KUALA LUMPUR: Investment sentiment in Malaysia is likely to pick up again after a period of slowdown, which saw investors taking a “wait-and-see” attitude after the 14th general election (GE14), said Standard & Poor’s (S&P) Global Ratings.
Its senior director of sovereign and international public finance ratings Kim Eng Tan said there was a significant change in political uncertainties after the unexpected outcome of the GE14 that saw the opposition alliance Pakatan Harapan led by its chairman Tun Dr Mahathir Mohamad pull off a shocking win.
“We believe that given the government’s focus on maintaining its budgetary prudence, even though there is a lot of spending to come as a result of electoral promises, I don’t believe that the fiscal position will deteriorate,” Tan told a press conference on Asean Credit Spotlight yesterday.
“The previous government does not play the leading role. With these changes in political [landscape], people don’t know what the new government will come up with, whether it will continue the previous government policies that investors have been used to over the years or change to new policies,” Tan said.
“Our main concern, of course, is the political stability but at this point of time, we don’t see that it is a big enough concern for us to change the outlook on our rating,” he added.
S&P Global Ratings has affirmed Malaysia’s long-term sovereign rating at ‘A-’ with a stable outlook on the back of stable economic growth, coupled with the government initiatives to strengthen its fiscal performance.
Tan expects the Malaysian economy to continue to grow relatively fast, compared with its neighbours and that will likely help support the fiscal balance.
“Since the elections, we believe that concern of political stability has [calmed] to a great extent. Of course, there is some issue on leadership change coming up, which could create some concerns to some investors.
“But on the whole, I think generally people have come to believe that this government is here to stay, and is relatively stable,” he shared.
On the basis of the economic projection for Malaysia, Tan said the country does not solely depend on the two megaprojects, namely the Kuala Lumpur-Singapore high-speed rail (HSR) and the East Coast Rail Line (ECRL), although the scrapping of these two projects could lead to some weaker investment trends.
“The key investments in these two projects do not play a big role in driving economic projects in Malaysia in the next few years. I don’t think it is enough for us to consider the credit impact on Malaysia [based on HSR and ECRL].
“As long as the policy environment remains stable, we believe that investment in one way or another will continue; consumer confidence and the [economic] growth should more or less remain relatively robust,” he said.
Tan also noted that there is not much difference in terms of policy environment compared to the previous government’s, especially about the fiscal concerns.
“I think as a rating agency, we are heartened to see that the government is placing its attention on trying to bring the fiscal balance sheet back into some position and secondly, we see the government is welcoming investments by foreign investors,” he said.
Meanwhile, S&P Asia-Pacific economist Vincent Conti is of the view that the upcoming Budget 2019 needs to have more austerity measures after the goods and services tax was scrapped and replaced by the sales and services tax and would not be able to recover the loss of revenue.
“I think that (austerity measures) is going to play a big part in the next budget.
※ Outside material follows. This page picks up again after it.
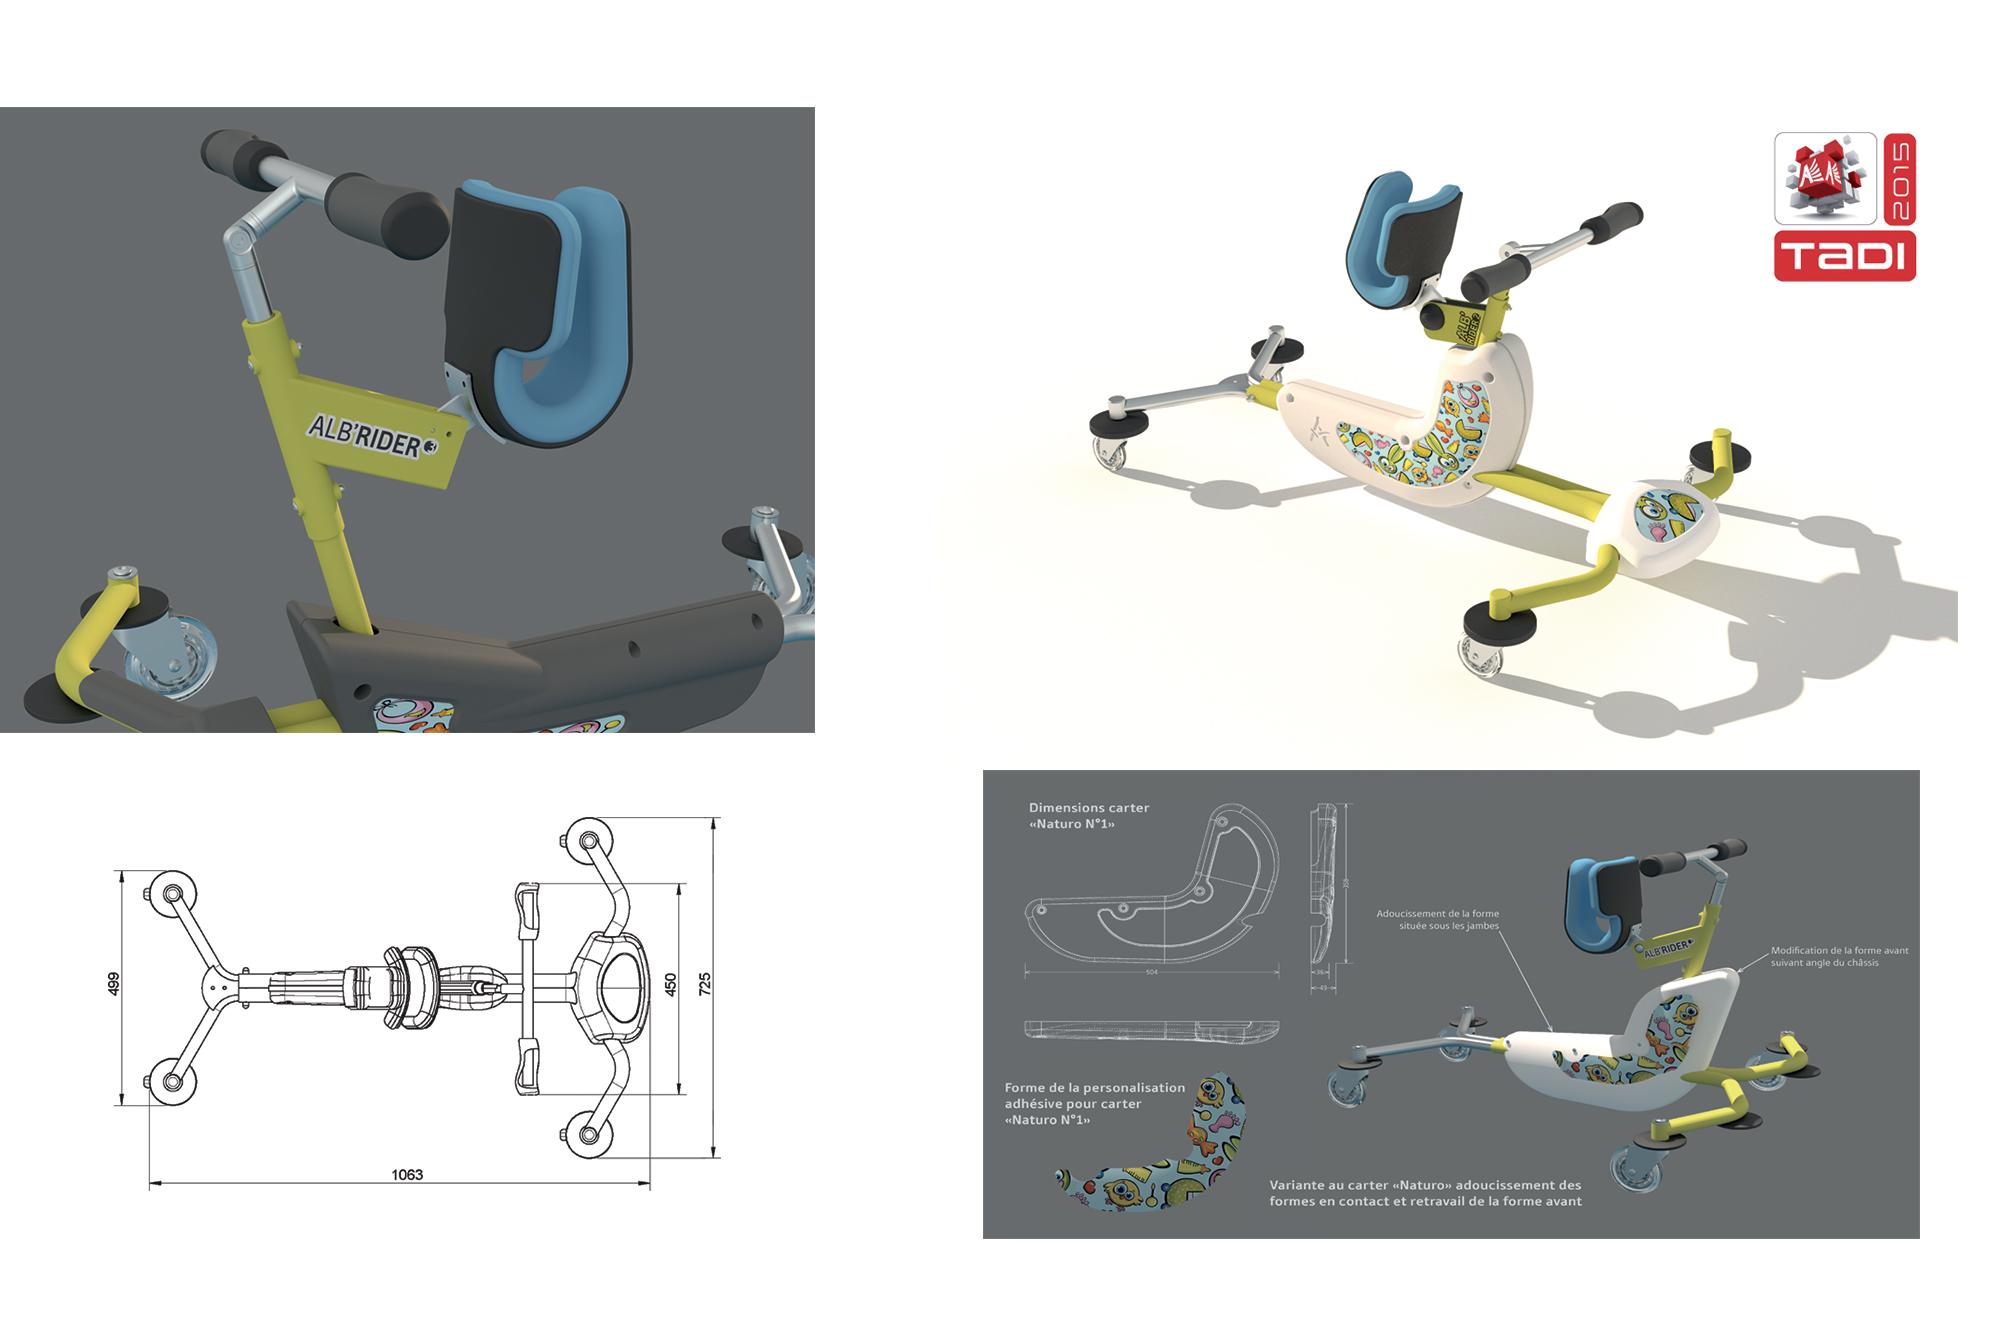 Appareil de déambulation pour enfants polyhandicapés - détails de conception

That austerity will likely come at least from the big part from the cabinet.
“Some infrastructure projects that have been going on for the past few years probably slow down a little,” said Conti.
On short-term prospects, the rating agency expects the government to ease some of its spendings on capital expenditure to help run its fiscal account.
“I wouldn’t be able to provide the definite figure, but on the broad scale, we expect the fiscal deficit to be broadly stable,” he added.